- Work task -
Reproduce each entry exactly, so that everything except the pictures is carried over.

- Given information -
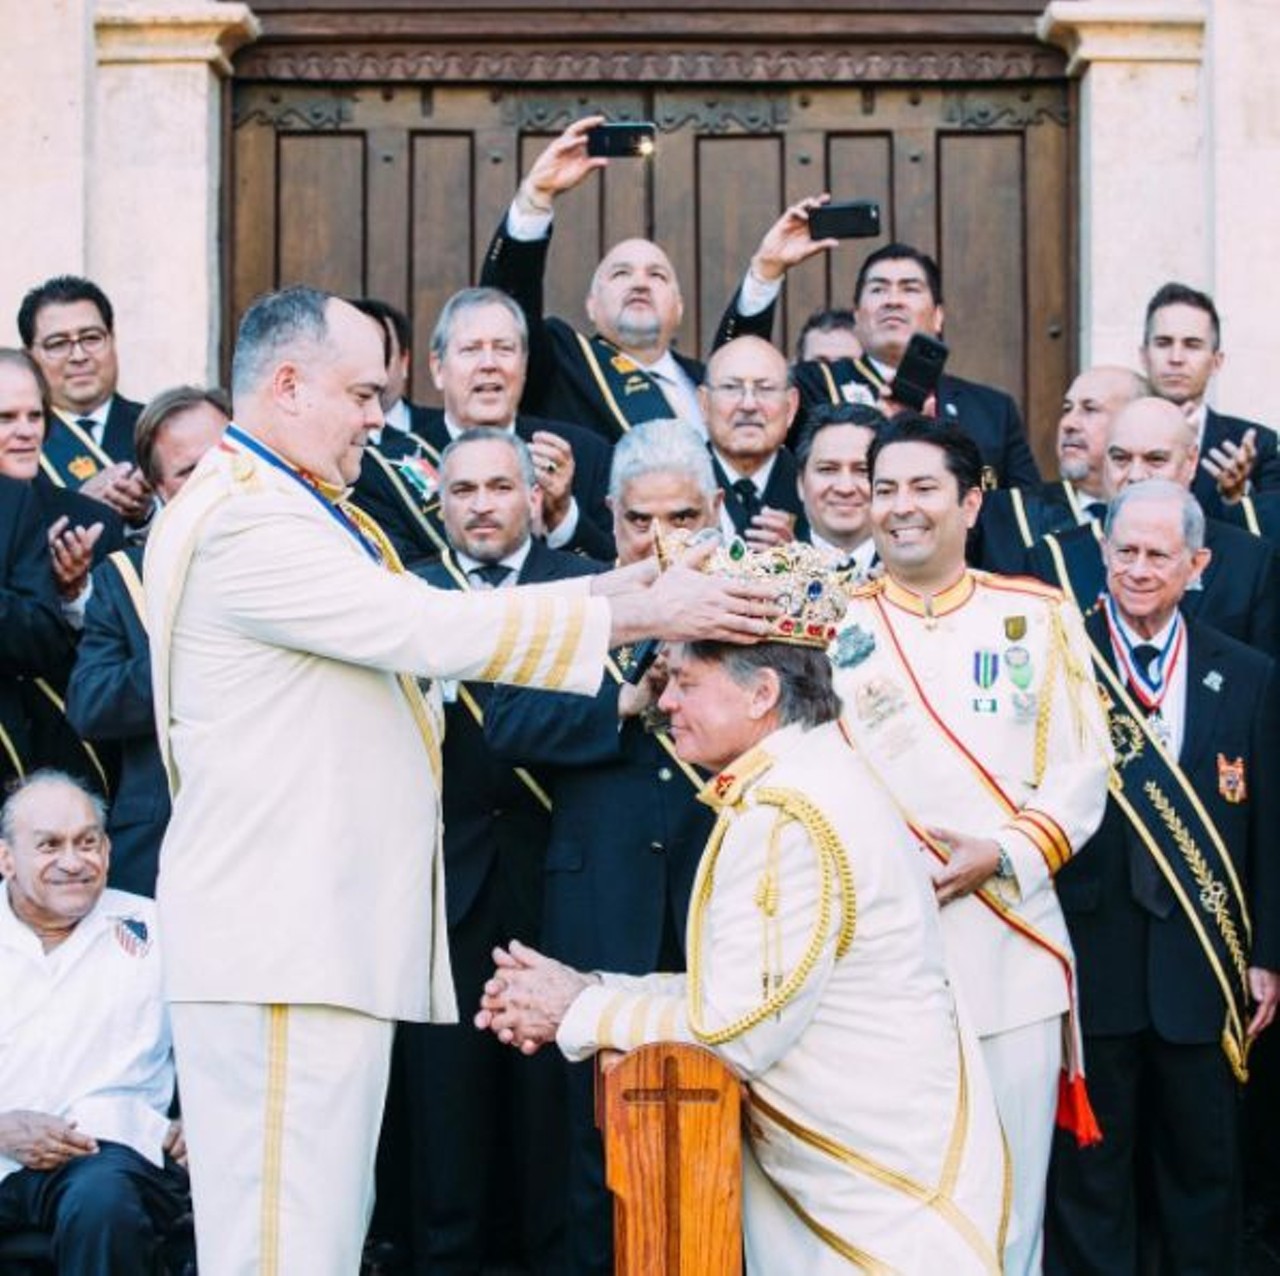 Public Crowning of El Rey Feo
5:30-6:30 p.m. April 21 at Main Plaza
How do you show your love for the People&#146;s King? Attend the crowning ceremony! The 69th Rey Feo, Fred Reyes, will take the throne, followed by a celebration with mariachis and folkloricos. Rub elbows with Rey Feo&#146;s royal court, former Reyes Feos and other Fiesta royalty.
Photo via Instagram, fiestasa
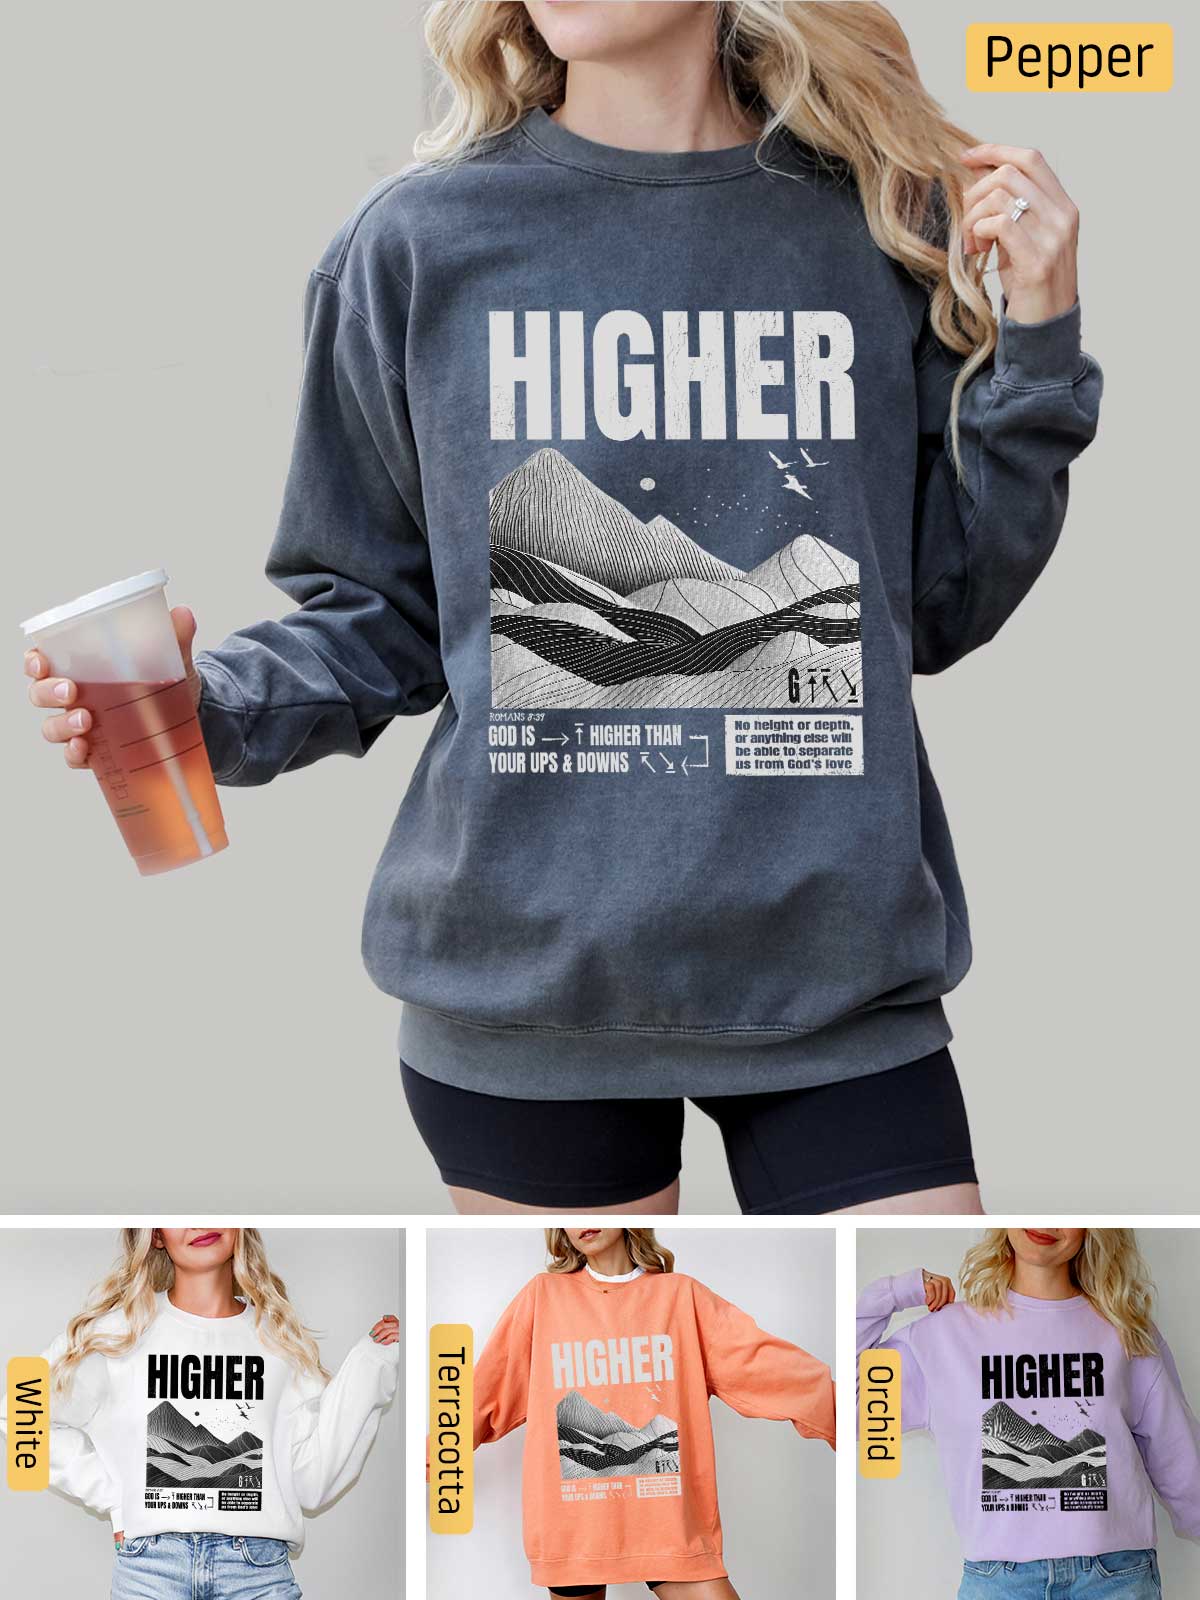 a woman wearing a sweatshirt with the words higher on it

- Output of the exercise -
 Public Crowning of El Rey Feo
5:30-6:30 p.m. April 21 at Main Plaza
How do you show your love for the People&#146;s King? Attend the crowning ceremony! The 69th Rey Feo, Fred Reyes, will take the throne, followed by a celebration with mariachis and folkloricos. Rub elbows with Rey Feo&#146;s royal court, former Reyes Feos and other Fiesta royalty.
Photo via Instagram, fiestasa
 a woman wearing a sweatshirt with the words higher on it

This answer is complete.